Will the data be sent to a third party (model vendor, eval tool)?
If yes, name the vendor and confirm the DPA covers the data category. Anthropic, OpenAI, and most major vendors have enterprise DPAs — check whether you are on the enterprise plan.
Cross-border data flow
Will EU data leave the EU? Will customer data leave the country it was collected in? If yes, the request needs Schrems II / SCC review before approval.
Sensitive categories under GDPR Art. 9 / CCPA
Health, biometric, sexual orientation, political views, financial. If any are present, escalate to legal — these are usually disqualifying for AI training without explicit consent.
Section 5: Retention & Deletion
Data eng cares as much about how long you keep the data as how you got it. Define the lifecycle up front.
Retention period
Example: '90 days for the eval set, then deleted.' / '12 months rolling for the training pipeline.' Indefinite retention is rarely approved without a documented compliance basis.
Deletion mechanism
Example: Automated cron job / TTL on storage / quarterly review with deletion script. Specify how, not just that.
Right-to-be-forgotten propagation
Example: If a customer requests deletion, how does that propagate into your eval set, prompt logs, and fine-tuning data? Document the propagation path.
Backup & replica handling
Example: Backups extend retention. If your eval set is backed up by IT, your real retention is the backup retention. Coordinate.
Audit log of access
Example: Who accessed the data, when, and for what purpose. Required for SOC 2 and most regulated industries. Specify the log destination — usually the SIEM.

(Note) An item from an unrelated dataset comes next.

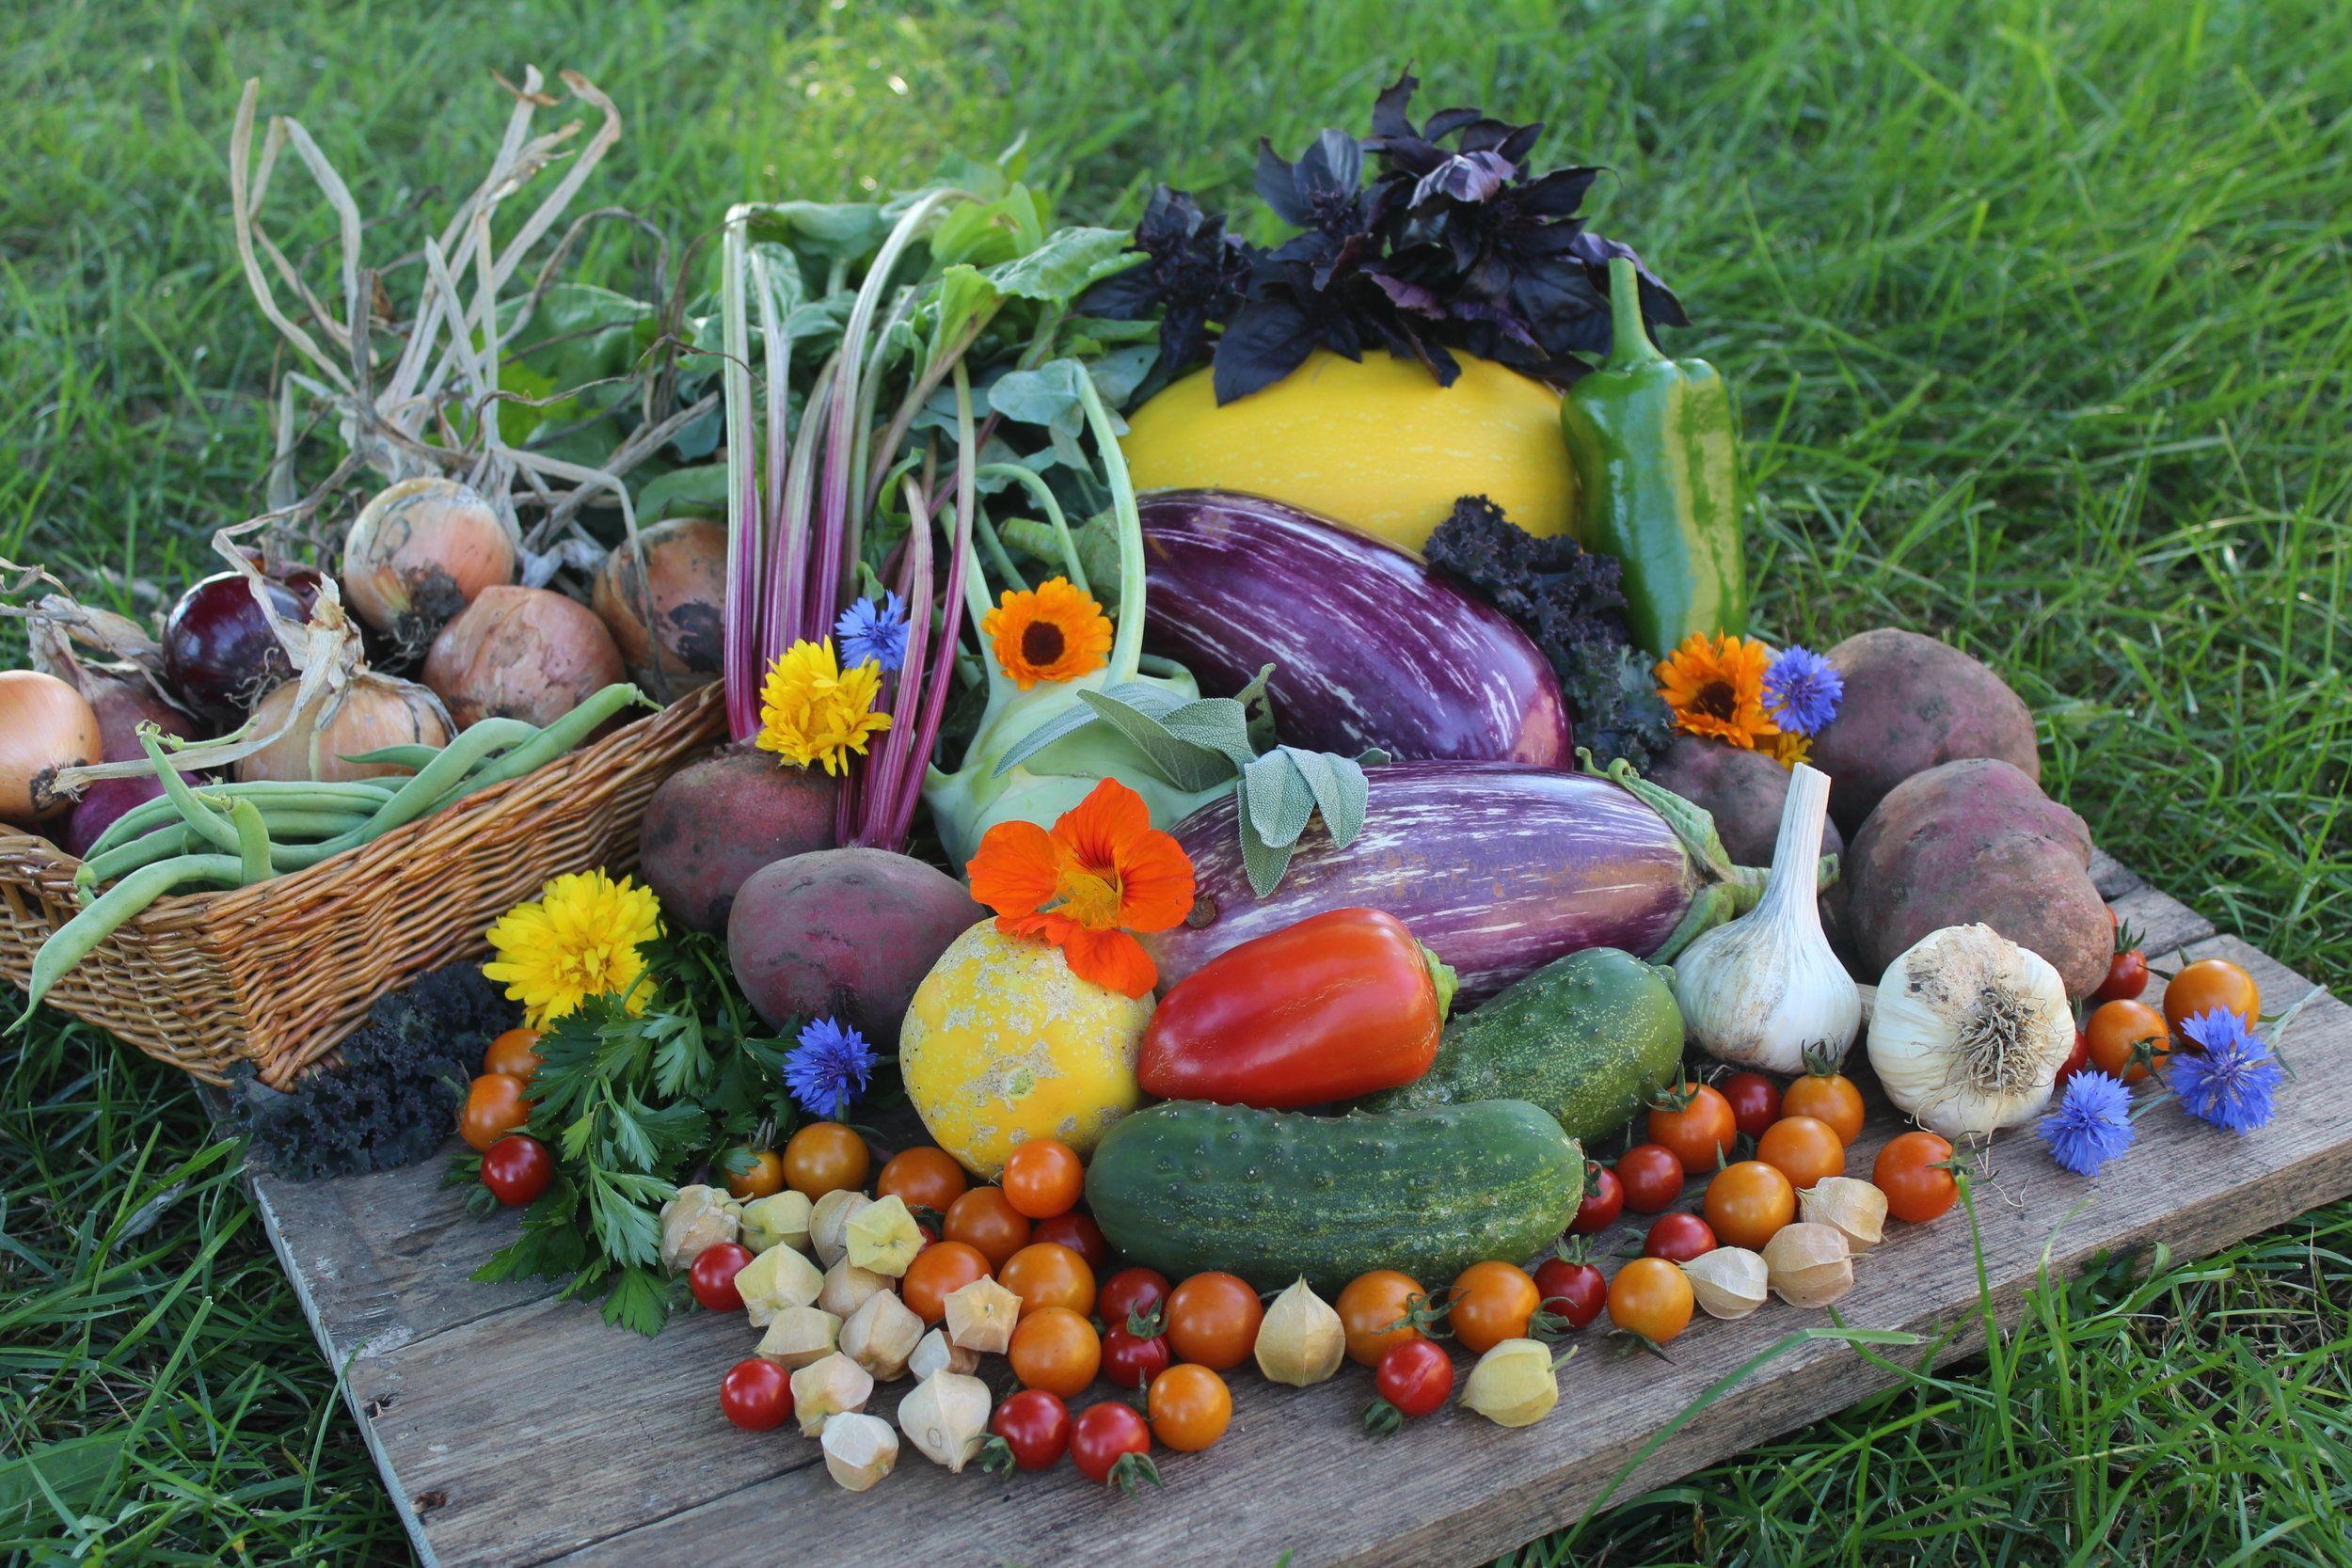 Glory garden south dakota online farmers market farm

Section 6: Success Criteria & Sign-Off
The last section closes the loop. Define what 'done' looks like so data eng can deliver and walk away.
Definition of done
Example: 'Eval set CSV with 5,000 rows, columns: ticket_id, body_text, true_label, customer_segment. Delivered to s3://ai-prod-evals/inbox/v1/.'
Acceptance test
Example: '10-row sample reviewed by PM and DS lead. No PII in body_text. Categories distributed across all 6 labels.' Approve only after the sample passes.
Owners
Example: Requesting PM, data eng owner, privacy reviewer, business stakeholder. Each named, each accountable for their step.
Timeline
Example: 'Sample by Day 5. Full delivery by Day 12.' Specific dates. Vague timelines slip indefinitely.
Renewal / re-approval
Example: When does this access need to be re-approved? Default: every 6 months for ongoing pipelines, or on team transition.
Sign-off
Example: PM signature, data eng signature, privacy signature. Track in your ticket system. This is your audit trail.